Bardas pintadas, espectaculares por todos lados, SMS a todas horas, llamadas que nadie pidió, boletines, trípticos, revistas, redes sociales inundadas ¿y todavía preguntan por qué la gente está harta?

A esto ya no se le puede llamar campaña… es acoso con presupuesto.

Sales a la calle y ahí están.
Prendes el celular y ahí están.
Abres el refri  y,  nomás falta que también ahí aparezcan sonriendo y te sirvan una coca. 

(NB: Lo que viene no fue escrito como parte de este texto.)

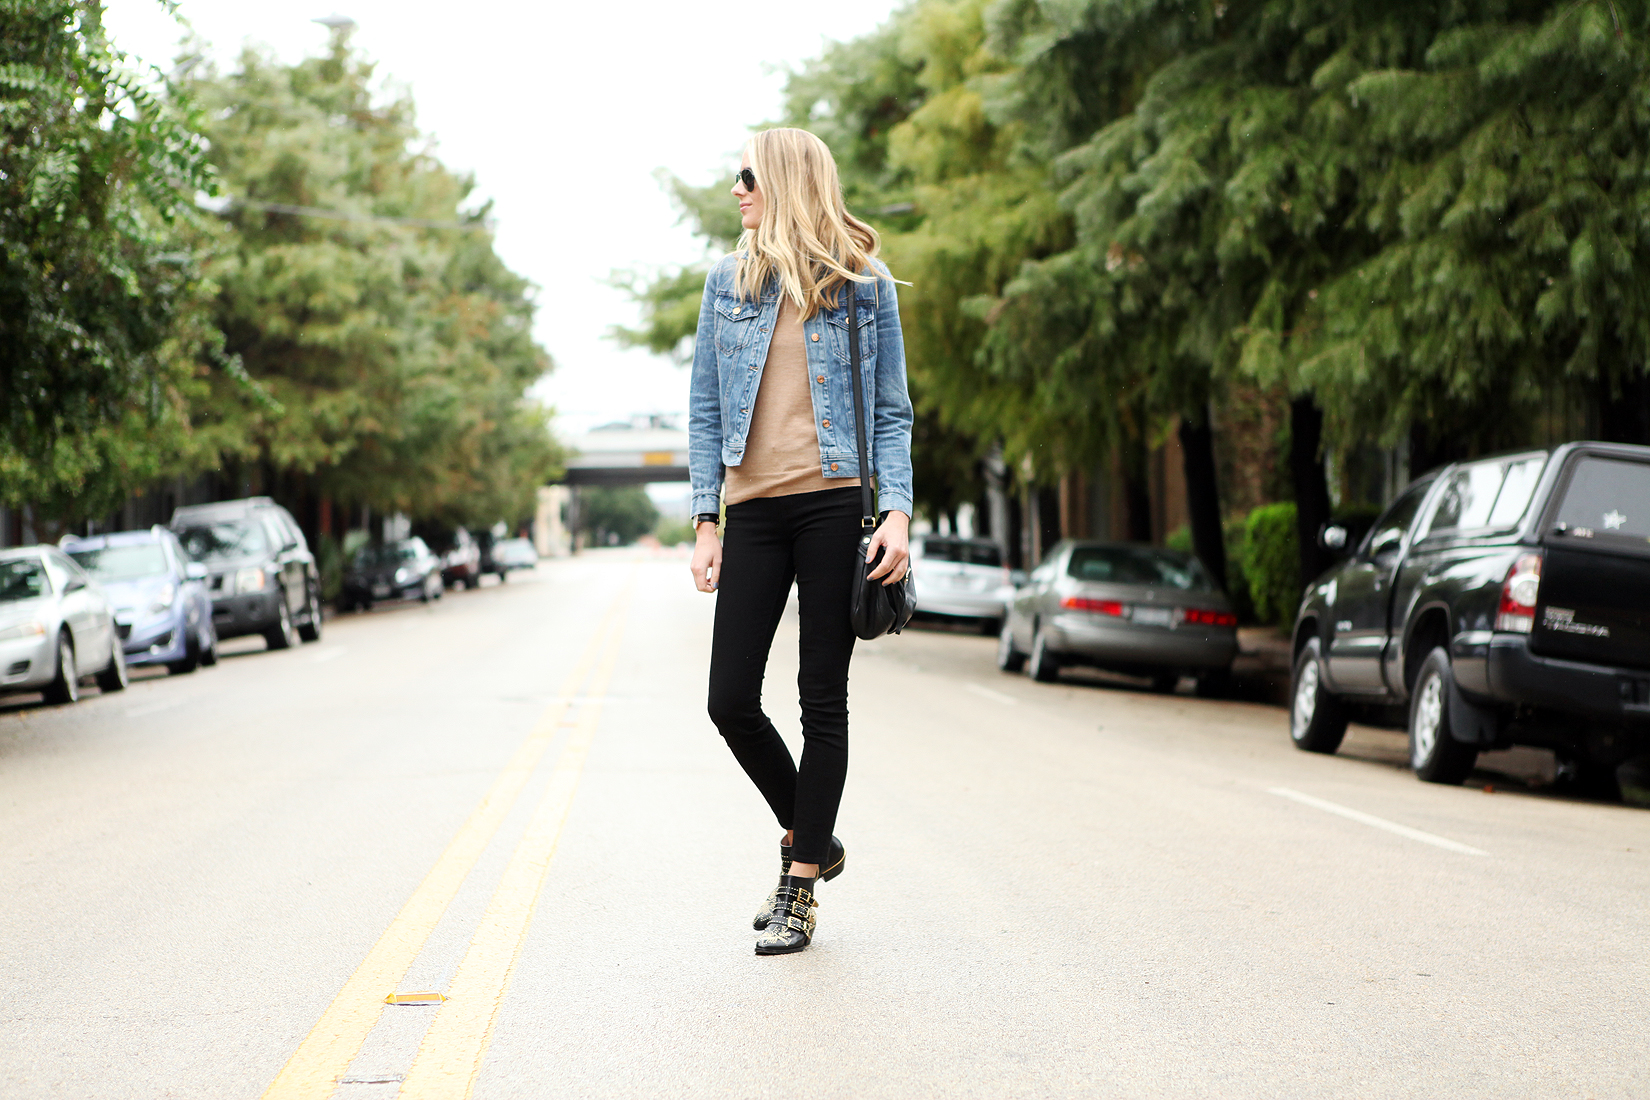 fashion-jackson-black-skinny-jeans-denim-jacket-tan-sweater-chloe-susanna-booties

Porque no importa el partido, todos vienen cortados con la misma tijera.
Prometen distinto… pero molestan igual.

Y uno se pregunta:
¿qué sigue?

¿Anuncios en los recibos de la
Luz ?
¿Promociones en la tortilla?
¿Un “buenos días” patrocinado cuando desbloqueas el celular?

No, y espérate, todavía hay más ideas:
• Que se renten en los velorios, pa’ pasar lista junto al difunto.
• Que en la misa cambien el “denos hoy nuestro pan” por “denos hoy su voto”.
• Que en las bodas, en lugar de arroz, avienten volantes.
• Que en los hospitales, mientras te están atendiendo, te susurren: “acuérdese quién sí cumple”.

Ya no buscan convencer, buscan meterse hasta en lo más íntimo de la vida.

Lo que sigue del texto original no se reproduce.